SURGICAL OUTCOME OF THYMECTOMY IN MYAESTHENIA GRAVIS A CASE SERIES REVIEW
European Journal of Molecular & Clinical Medicine,
2022, Volume 9, Issue 6, Pages 169-176
AbstractBackground: Myasthenia gravis is a rare autoimmune disease caused by antibodies that probably originate from the thymus glands. In recent years, thymectomy has become a widespread procedure in the treatment of myasthenia gravis (MG). Transsternal approach with thymectomy is the accepted standard surgical approach for many years.
Aim: To evaluate the outcomes of 60 patients who underwent thymectomy for myasthenia gravis, quantify the degree of clinical improvement after thymectomy by evaluating changes in stage and medication requirement, and identify prognostic factors that may be helpful in determining the best patient selection.

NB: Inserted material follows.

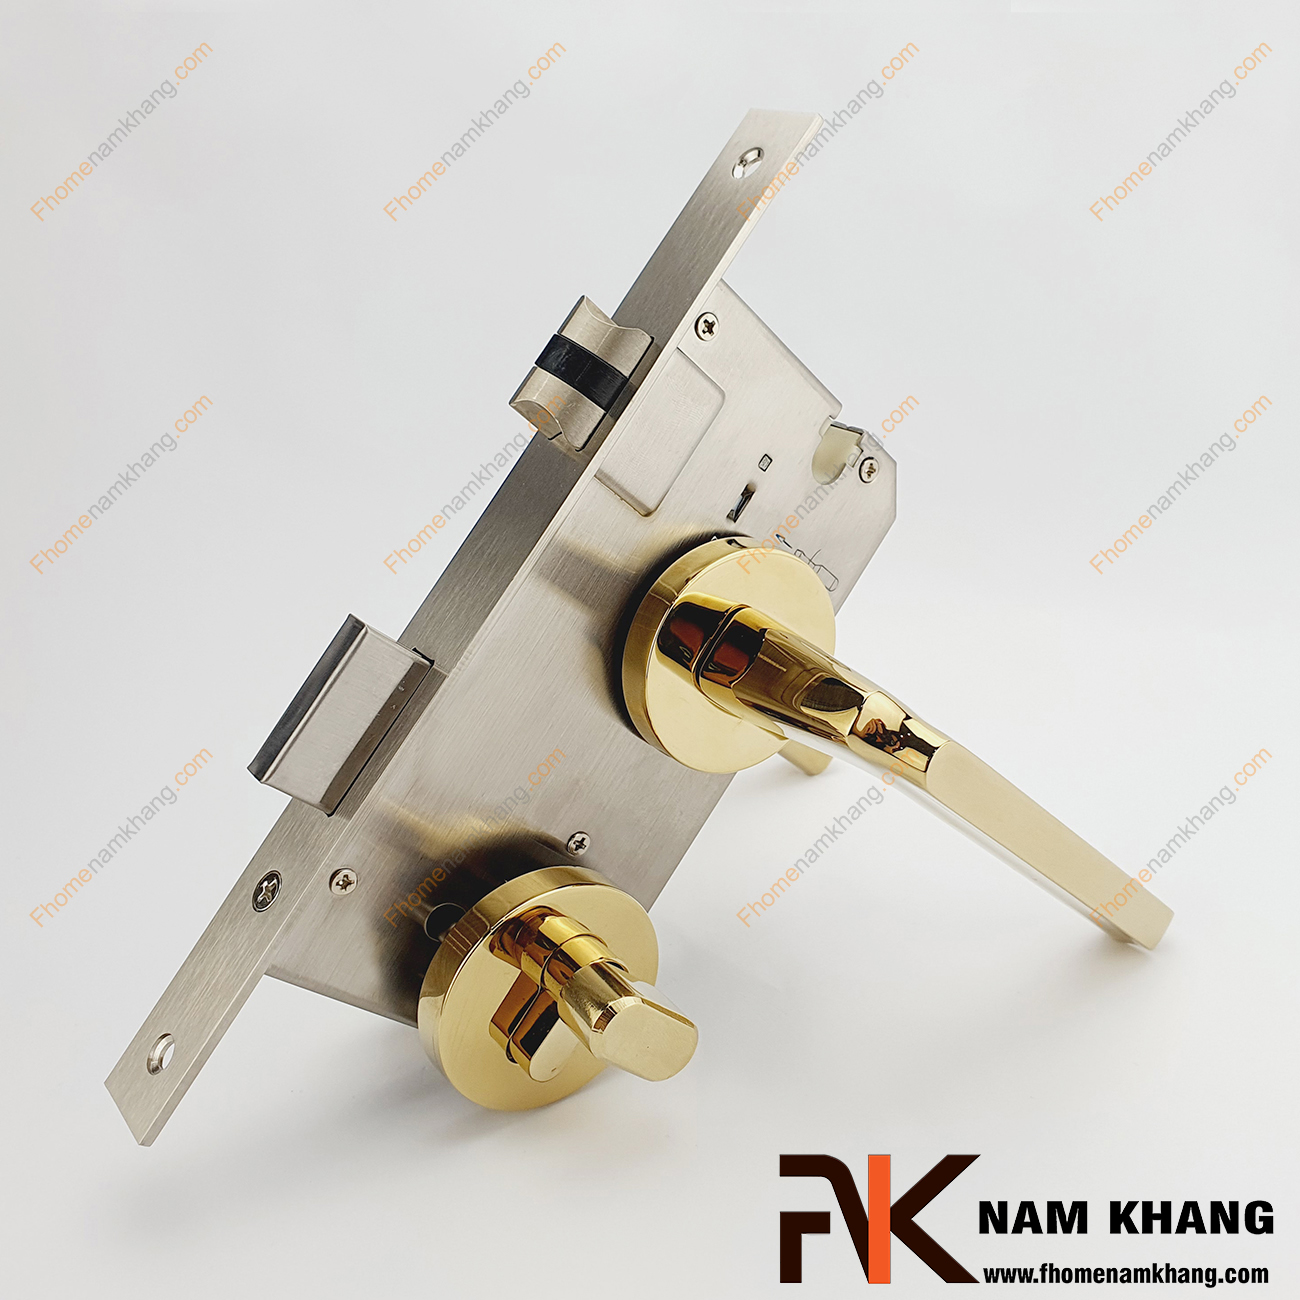 Khóa cửa phân thể bằng hợp kim cao cấp NK575-PVD có thiết kế phần ốp khóa và tay gạt riêng biệt, khá nhỏ gọn và tạo được sự nổi bật độc đáo của một dòng khóa cửa.

Materials and Methods: The study group consists of 60 myasthenic gravis patients who were admitted to Gandhi Hospital's Cardiothoracic Surgery Department and received a trans-sternal complete thymectomy between February 2014 and December 2022.

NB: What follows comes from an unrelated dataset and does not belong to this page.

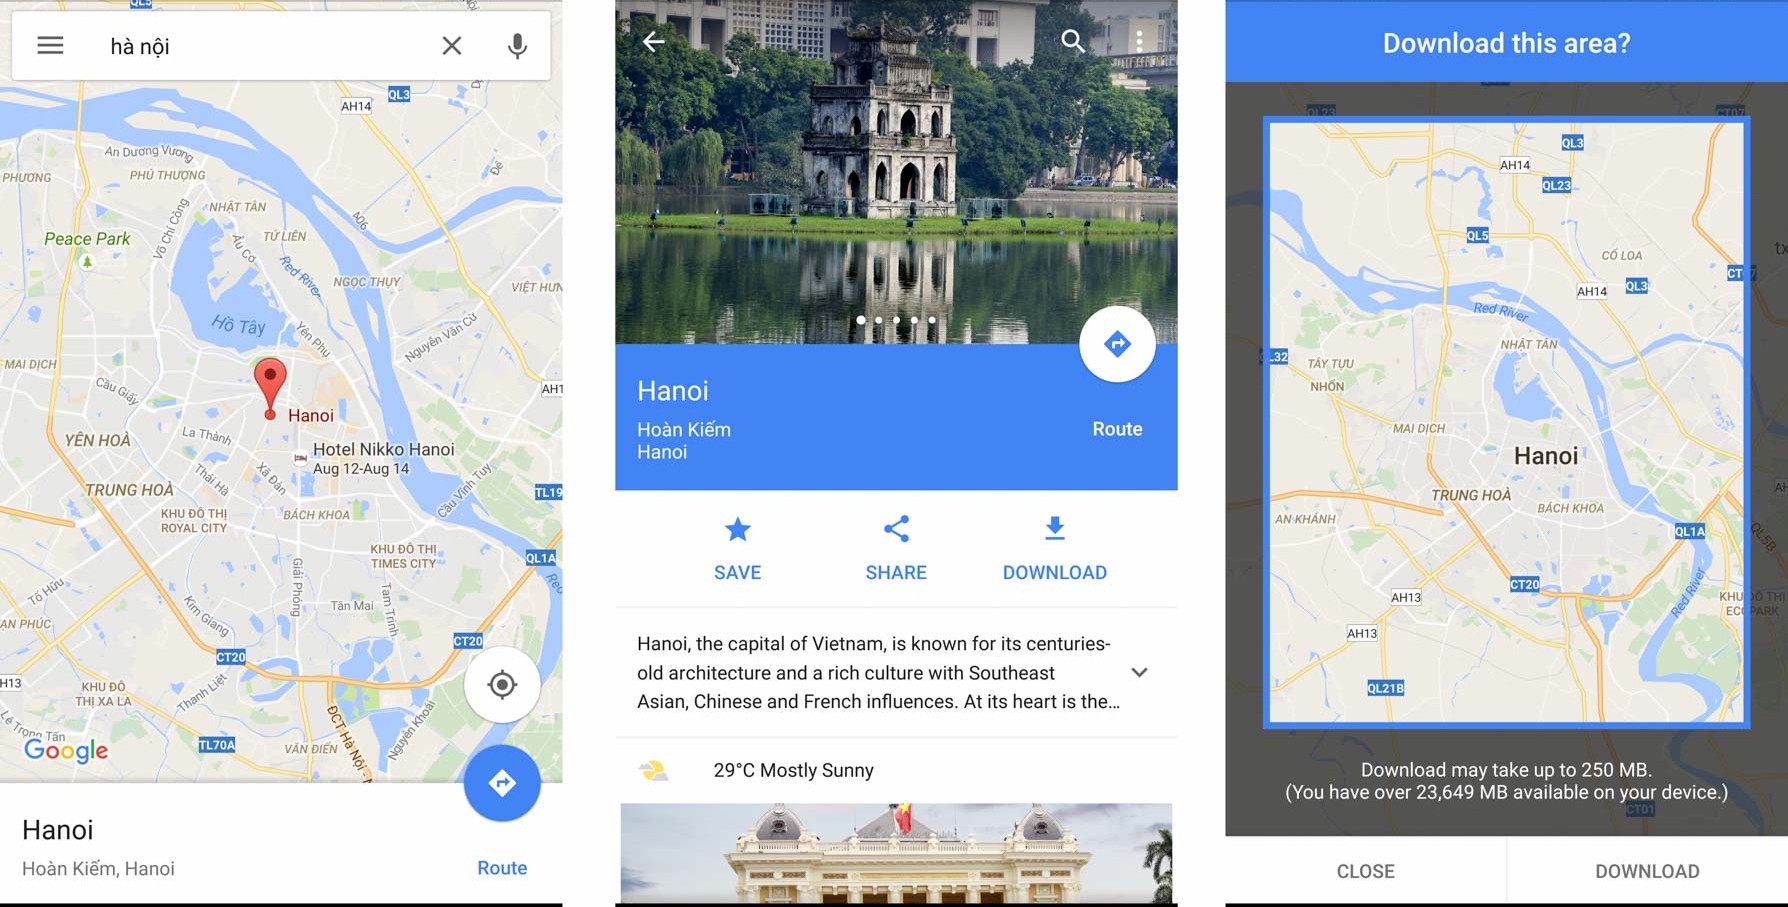 Làm chủ Google Maps với những thủ thuật đơn giản và hiệu quả.

Results: 34 (56.7%) were males and 26 (43.3%) were females in the study. Females were aged between 9 to 60 years and mean age was 33.8 years. Before thymectomy, 21 patients were on anticholinestrase agents (Pyridostigmine). Post-operative pathologic study of thymus findings were reported as follows, hyperplasia of thymus was observed in 22 patients (36.6%), thymoma in 13 patients (21.6%), thymic carcinoma, atrophy in 5 patients (8.4%) and normal thymus in 20 patients (33.4%). 16 days was the mean hospital stay with 4 patients having prolonged hospital stay due to complications. Follow up ranged from 7 months to 10 years. Mean follow up is 2.5 years. Complete remission was observed in patients in Osserman stage I, IIA and IIB.
Conclusion: Thymectomy is recommended for patients younger than 60 years with non-thymomatous, generalized AChR antibody-associated myasthenia gravis. The early-onset, severe myasthenia gravis, female, thymic hyperplasia, benefit the most. Patients classified as Osserman Class IIA and IIB benefit most from this procedure.